Forum Moderators: goodroi
The stores are dynamically generated for the specific purpose that we don't want Google/Yahoo/etc to index all of our client's sub-stores - the customer is supposed to go to OurSite.com and enter the unique 6 digit code to access the store.
Unfortunately, one of our customers has placed a direct link to his store on his own home page, which lets the user bypass the store login page and go directly to the store: www.Oursite.com/Store.aspx=450004
That's fine, but what we didn't realize was that Google/Yahoo crawlers are now able to index the store. So, when a customer from store X Googles Oursite.com, they will see this particular client's store (say store Y). That is not good..
We have just added a noindex and noarchive meta tag onto all dynamic substore pages, hoping this will reverse the problem and that this store will no longer appear in Google/Yahoo results. Basically we only want Oursite.com to be indexed, not any other pages.
Is there anything else we can do to ensure this does not happen again? The only way for our site to be successful is for Google NOT to crawl it.
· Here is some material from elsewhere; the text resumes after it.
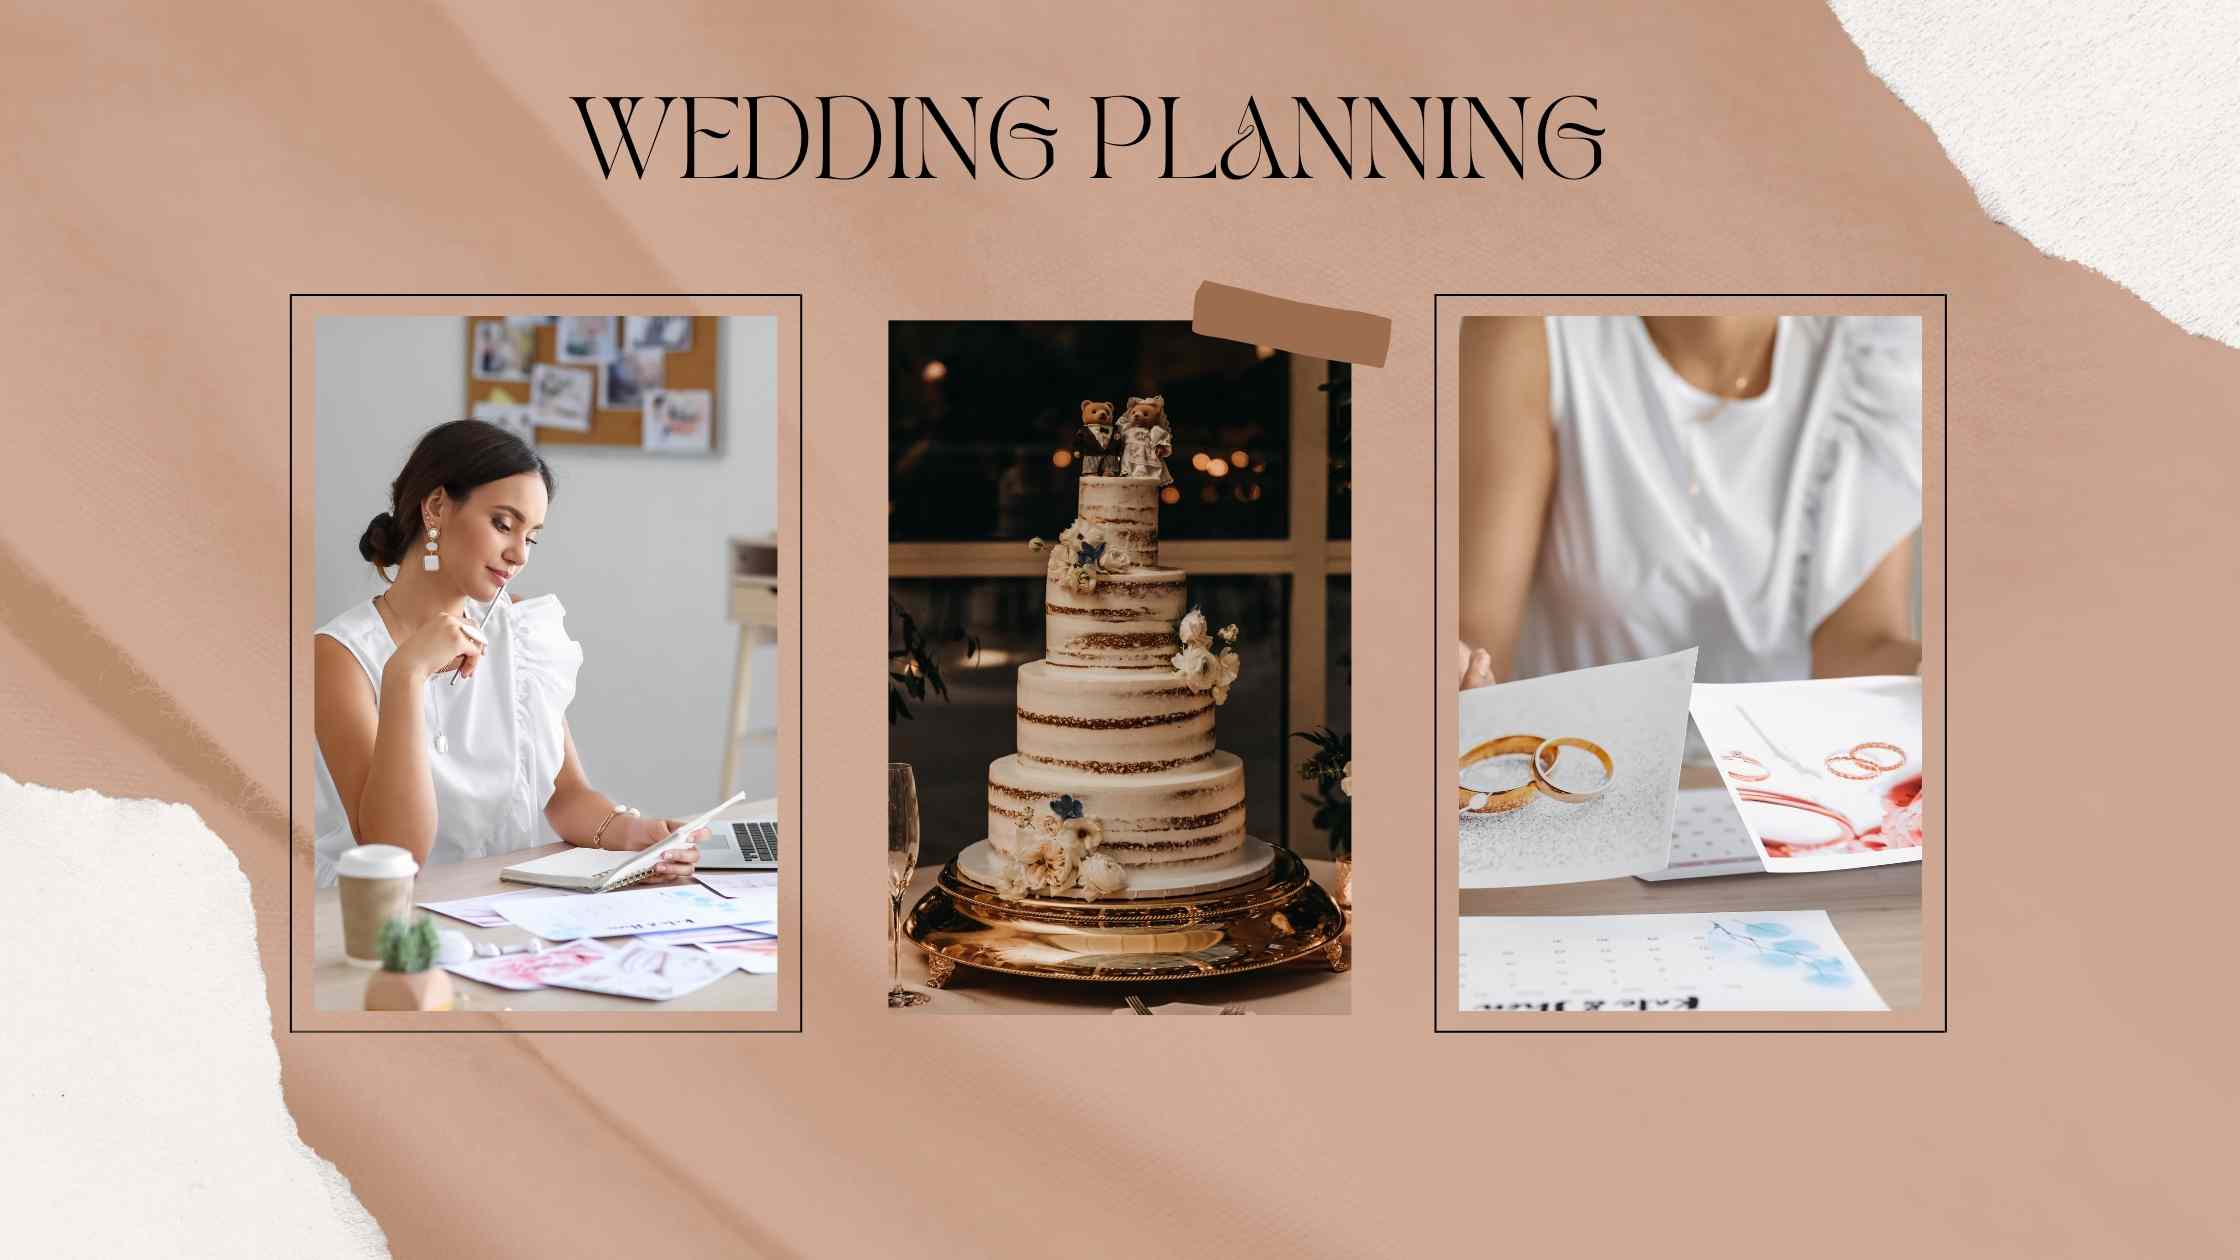 Columbus Wedding Planning, Columbus Wedding Photographers, Your Complete Wedding Planning Resource

I have read about a relative nofollow link and am wondering if that could be the solution -e.g., request that if our customers use the direct store link on their own home page, that they must wrap the relative no follow around it. But haven't had direct experience with that. Any suggestions would be super appreciated.
Thanks and love these forums!
-Daniel
So we had to implement a robots.txt to block everything. I submitted a removal request as well through Google Webmaster Tools plus Yahoo site explorer.
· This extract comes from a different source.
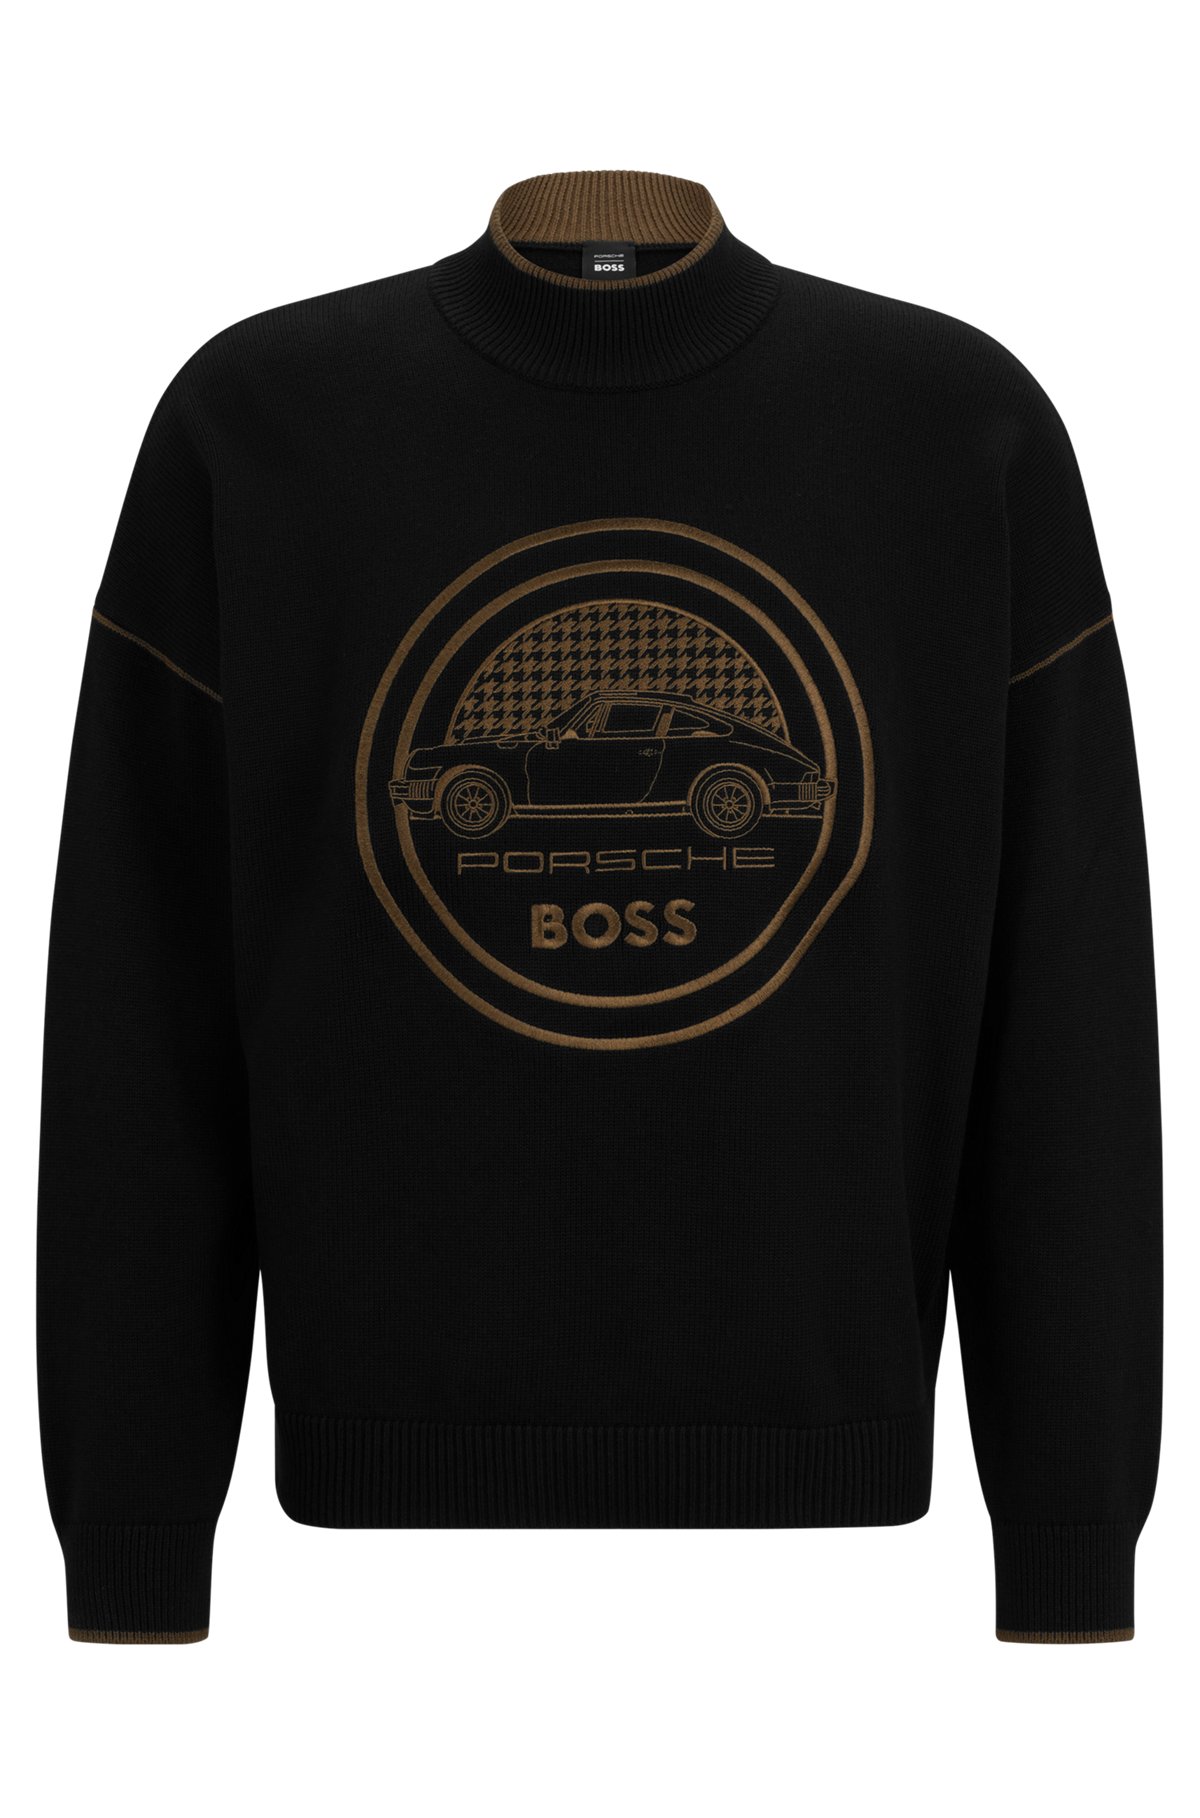 Porsche x BOSSカプセルロゴ スウェットシャツ コットン/ウール, ブラック

However, I am wondering, is there a way in the Robots.txt file to request that the home page itself (e.g., oursite.com) be indexed, but no other pages? I haven't been able to find how to do this - it seems as though the only option is to remove all pages, but I would think there's a way to let the home page only be indexed.
Any suggestions would be appreciated. Hopefully this forum will be useful to others as well.
Thank you,
Daniel
At worst you would use:
User-agent: *
Disallow: /a
Disallow: /b
Disallow: /c
Disallow: /d
Disallow: /e
Disallow: /f
...
...
Disallow: /z to block everything, because blocking
/a blocks everything that begins with /a of course. Of course, be aware that such URLs can still appear as URL-only entries in the SERPs.
User-agent: googlebot
Allow: /$
Disallow: /